Was solltest du für deine Reise nach Costa Rica wissen?

Der etwas andere Reisebericht: Das sagt eine Einheimische über das Reisen in Costa Rica. Olalla Vargas kommt ursprünglich aus Costa Rica, lebt aber seit vielen Jahren in Spanien und bereist von dort aus die ganze Welt. Auf ihrem Blog nube voladora schreibt sie über ihre Reisen, unter anderem auch in ihrem Heimatland.So lange schon lebte ich außerhalb Costa Ricas als mich das Heimweh packte und ich mich entschied, einen Blogeintrag für diejenigen zu schreiben, die mein wunderschönes tropisches Heimatland besuchen möchten.

Costa Rica ist ein kleines Brückenland zwischen Nord- und Südamerika und abgesehen der Vielfalt an Gebirgsketten und Hochebenen gibt es zwei weite Küsten, die das Land zu einem irdischen Paradies machen, mit vielen exotischen Spezien aus der Tier- und Pflanzenwelt, die hier beheimatet sind. Diese Artenvielfalt ist nicht nur für leidenschaftliche Biologen interessant, sondern auch für Reiseliebhaber der Natur.

Für den Fall, dass ihr auch überlegt eine Tour durch Costa Rica zu starten, stelle ich euch diese nützliche Tipps und Informationen zur Verfügung.

Die beste Reisezeit

Costa Rica hat zwei Jahreszeiten: die Trockenzeit, mehr oder weniger von Dezember bis April, und die Regenzeit zwischen Mai und November.

In der Regenzeit zu reisen bedeutet, darauf gefasst zu sein, dass es absolut JEDEN Nachmittag, nach 12 Uhr irgendwann, regnet.
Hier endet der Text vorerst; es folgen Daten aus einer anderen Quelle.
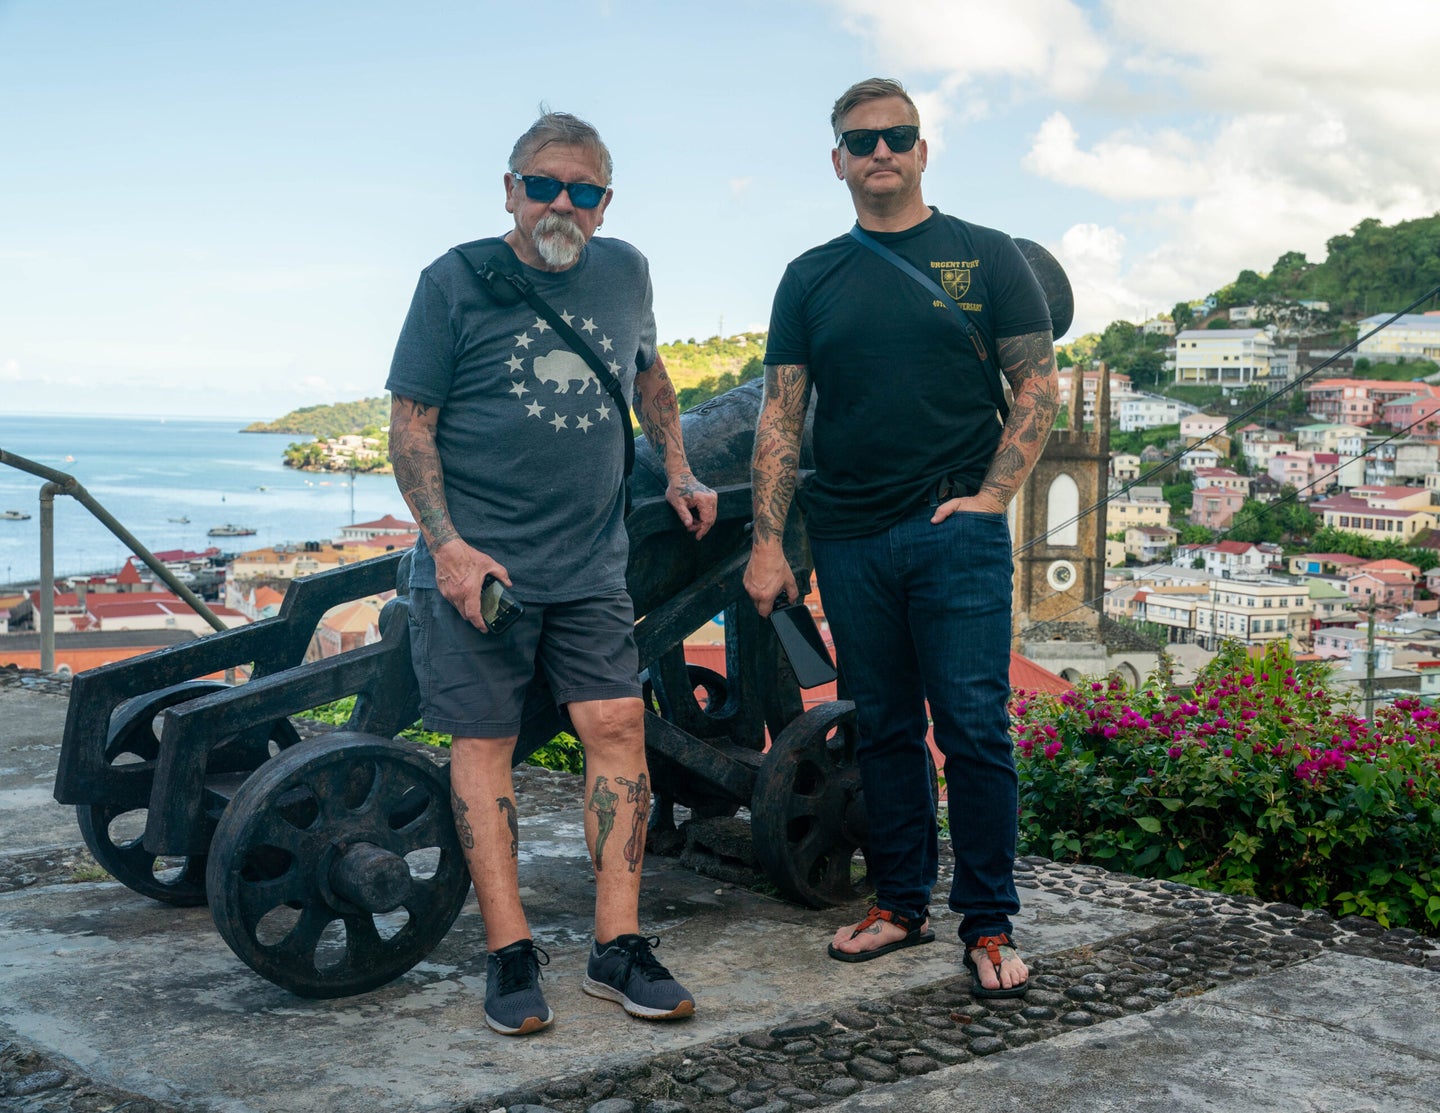 Father and son, both Rangers, pose for a photo in Grenada.

Egal wie sehr die Sonne am Morgen vom Himmel brannte. Vor allem, wenn du dich in der Gran Area Metropolitana (rund um San José) befindest. Aber Aufgepasst: Solltest du denken, dass dir ein bisschen Regen nicht schadet, dann lass dir gesagt sein, dass es in Costa Rica wie aus Kübeln regnet. Verglichen mit den sintflutartigen Wolkenbrüchen, die in der Regenzeit nicht selten Straßen in reißende Flüsse verwandeln, ist ein Regenschauer in den nordischen und europäischen Ländern nicht mehr als ein leichter Nieselregen, oder pelodegato, wie wir Ticos das nennen.

Es ist wichtig anzumerken, dass das Klima an den Küsten weniger launisch ist, als in der Hauptstadt.
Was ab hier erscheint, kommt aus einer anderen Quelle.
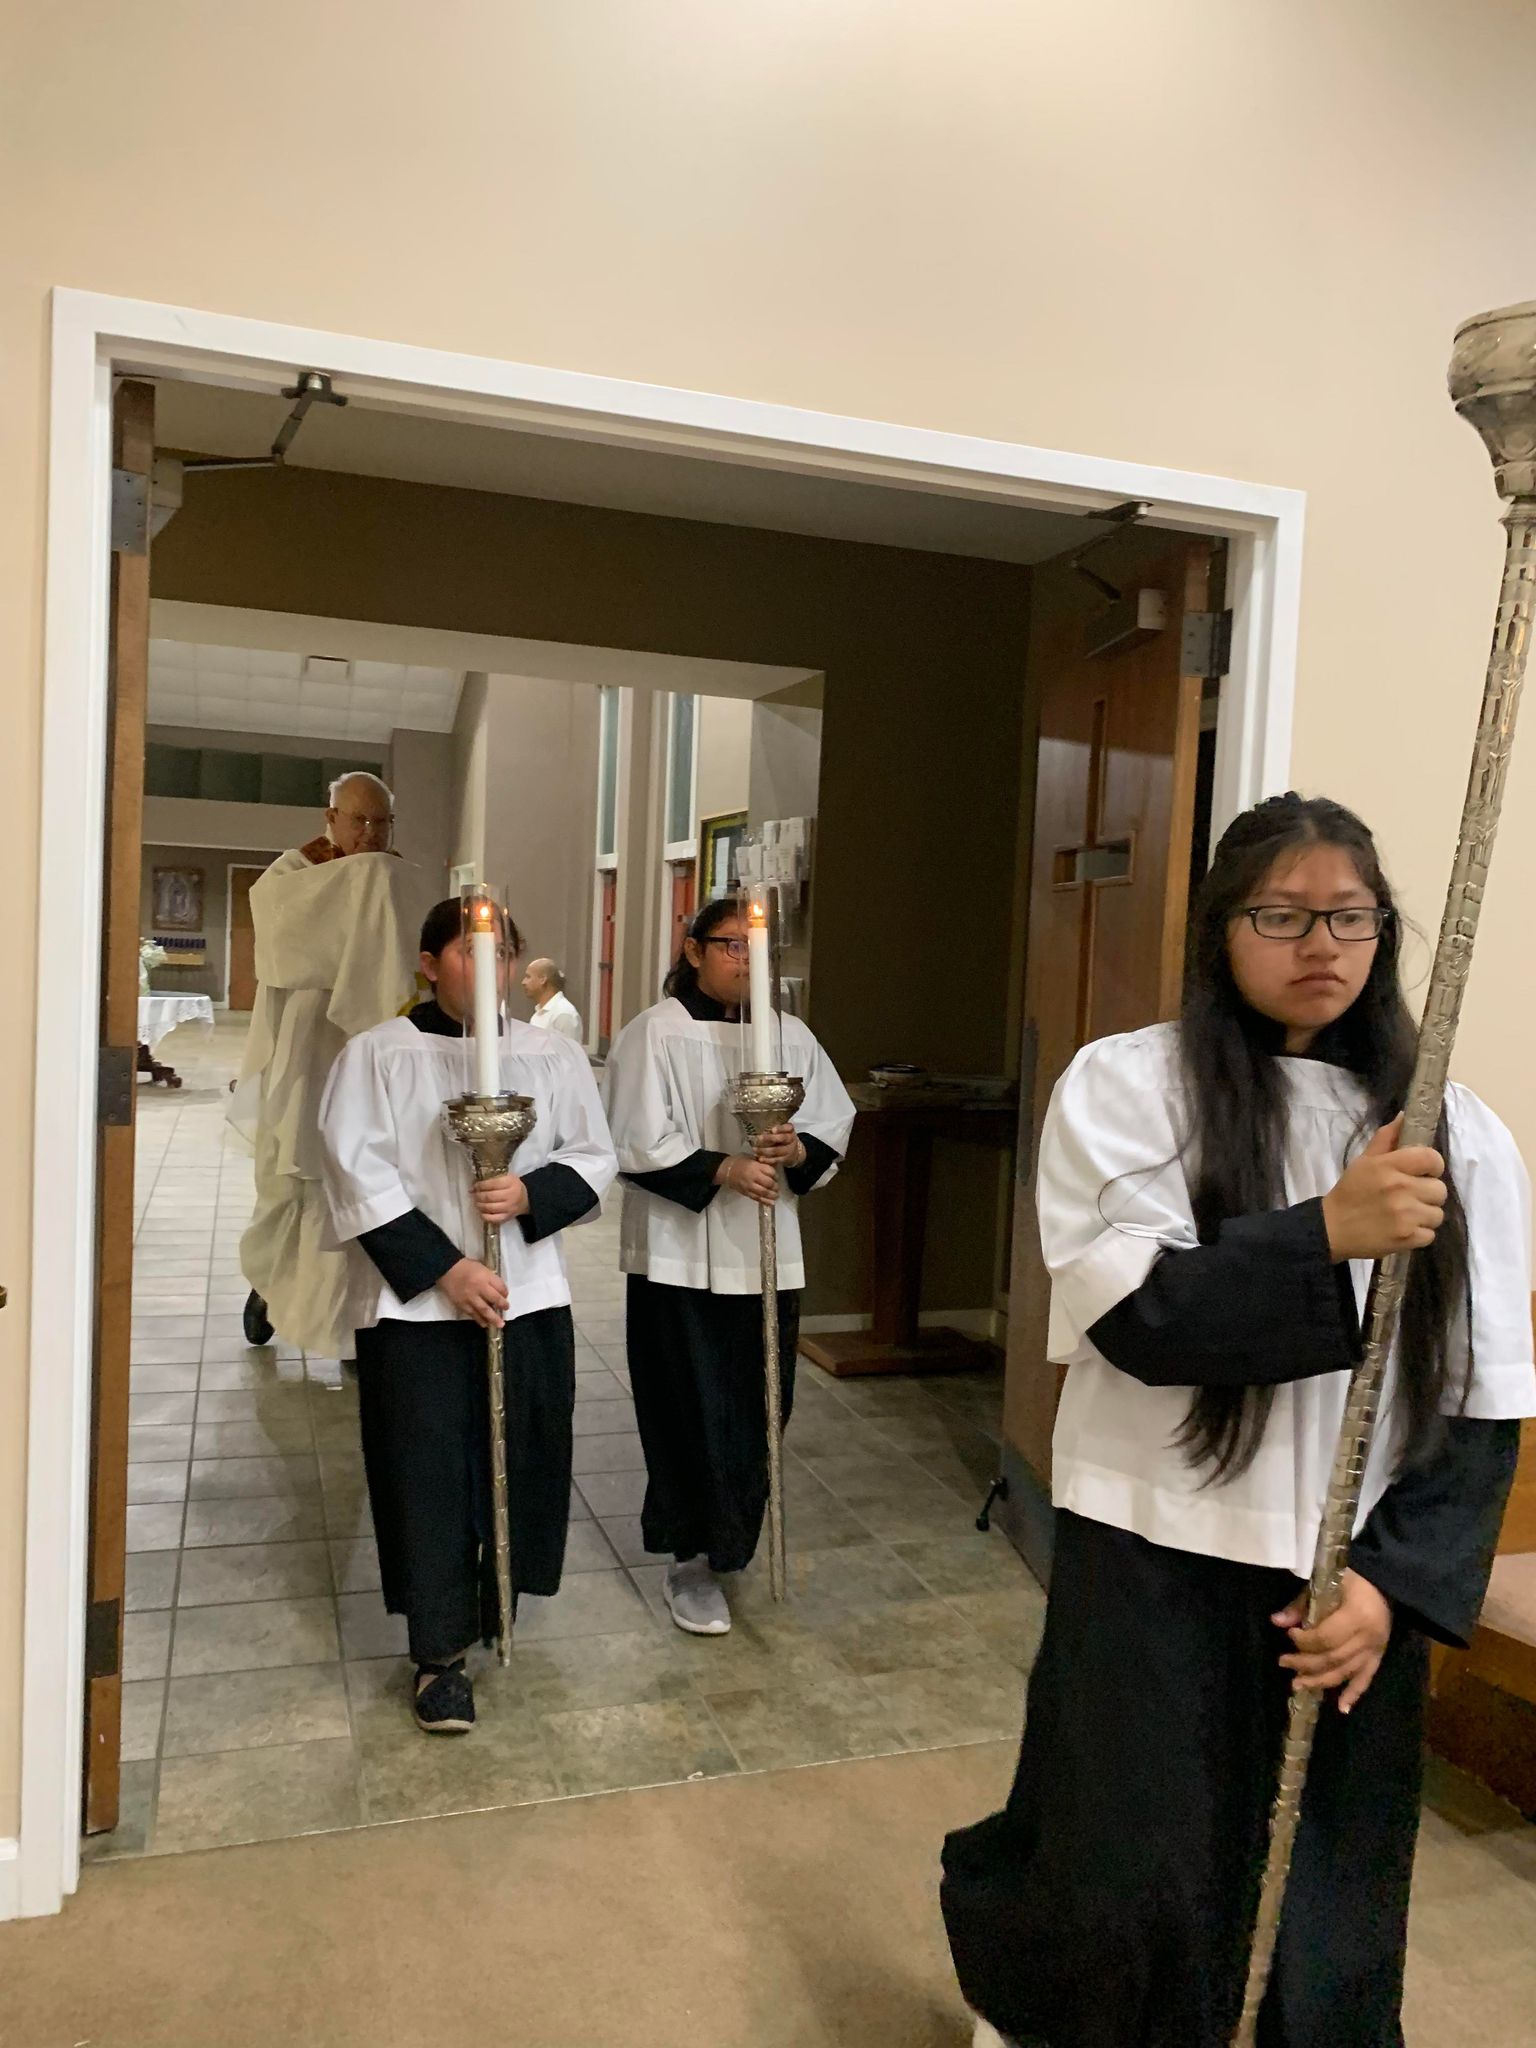 Eucharistic procession from the chapel

Dementsprechend ist die beste Reisezeit in der Trockenphase. Während der Weihnachtsfeiertage und den Osterferien ist Hochsaison in Costa Rica, jedoch solltest du außerhalb der Ferienzeit auch in der Trockenphase überall problemlos ein Hotel finden.

Meiner Meinung nach ist das perfekte weltbeste Wetter um den Jahreswechsel herum. Im Dezember und Januar sind die Tage und Abende sonnig, aber kühler und in der Nacht wird es angenehm kühl – aber auch nicht zu sehr 😉

Geld und Währung

Viele glauben, dass Costa Rica ein Dschungel entsprungen aus dem Jurasic Park ist und dass sie keine Bequemlichkeiten zur Verfügung haben. Aber die Wahrheit ist, dass Costa Rica, obwohl es ein lateinamerikanisches Land ist, sehr nordamerikanisch ist… bastante agringado eben. Überall wohin du gehst (aber vor allem in den touristischen Gebieten) findest du Supermärkte, Geldautomaten, McDonalds und Subway an jeder Ecke. Du solltest also kein Problem bekommen, an Bargeld zu kommen.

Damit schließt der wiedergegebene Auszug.